Abstract
Cytomegalovirus (CMV) infection remains a common complication after allogeneic hematopoietic- cell transplantation (HCT) with a significant increase in morbidity and mortality among patients who acquire such infection. Pre-emptive prophylaxis in which antiviral agents are started based on detection of CMV in the blood to prevent clinical disease has been the standard practice for many years. This approach was limited by the toxicity of available anti-CMV medications and increased complications among patients who activate CMV(1, 2). Letermovir, an antiviral agent that inhibits replication by binding to components of the terminase complex (UL51, UL56, or both) was approved in 2017 for prevention of CMV infection and disease among HCT recipients(3). Letermovir has been shown to delay polyfunctional CMV-specific cellular immune reconstitution as well as cause a decrease in absolute polyfunctional CD8+ T cell responses(4). The impact of such delayed immune reconstitution on infections other than CMV has not been widely described especially in the setting of post-transplant cyclophosphamide as GVHD prophylaxis.

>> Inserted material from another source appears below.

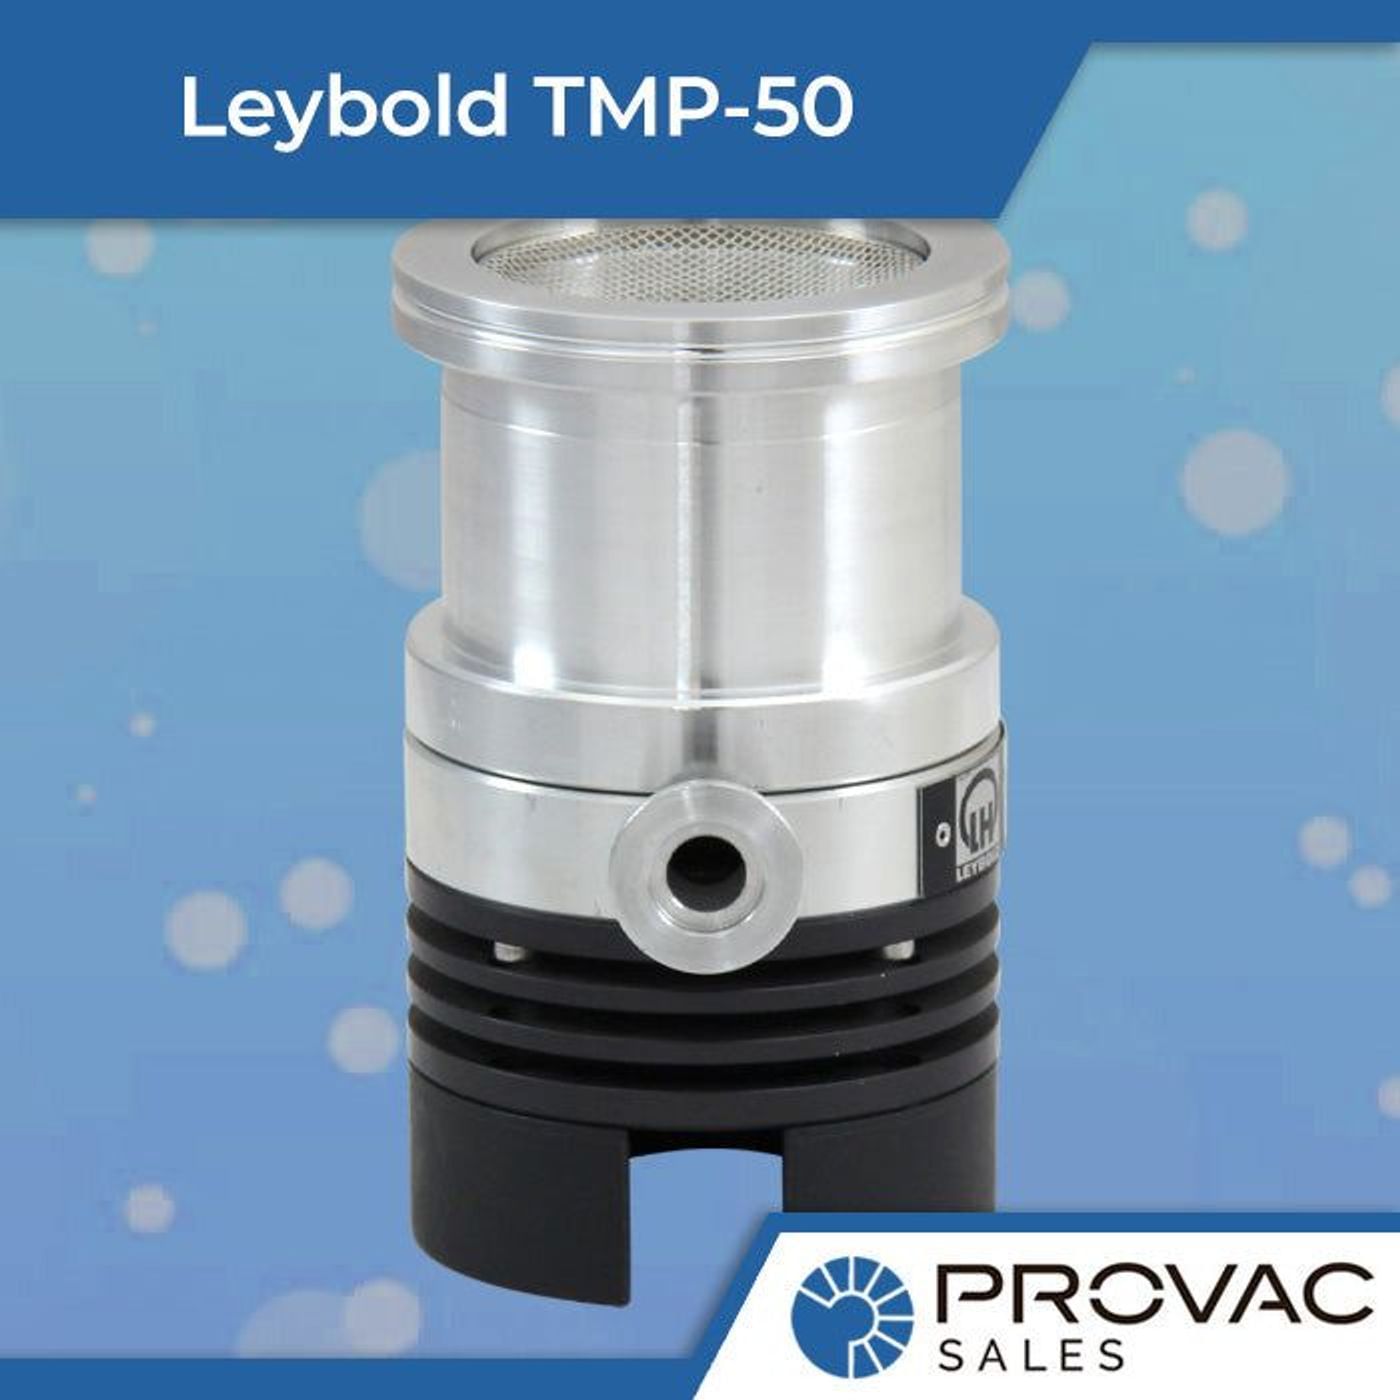 Leybold TMP-50 Turbomolecular Pump

To study the impact of Letermovir on non-CMV infections during the first 6 months post HCT and to assess its effect on other transplant endpoints including OS, DFS, NRM, relapse, acute and chronic GVHD, we analyzed 409 consecutive patients who received their HCT at our center between 2016 and June of 2021. Letermovir prophylaxis was started at our center in January 2018 and is given to patients receiving MUD or haploidentical transplant and are either CMV+ or donor is CMV+. The final dataset included 321 subjects with the following characteristics: Median age 54 years (19-80); disease AML/ALL/MDS 81%, NHL/HD/Other 19%; donor type haplo (69%), MUD 31%; Cell Source PBSC 88%; Myeloablative conditioning 38% ; Donor/Recipient +/+ 50%, +/- 12%, -/+ 38% . The median follow up for survivors was 31.2 (11.5-52.6) months for letermovir group versus 66.2 (53.1-76.9) months for no letermovir group. Patients in the letermovir group were less likely to have received a reduced intensity regimen (22% vs 33%, p=0.05) and to have received a marrow graft (8% vs 16%, p=0.02).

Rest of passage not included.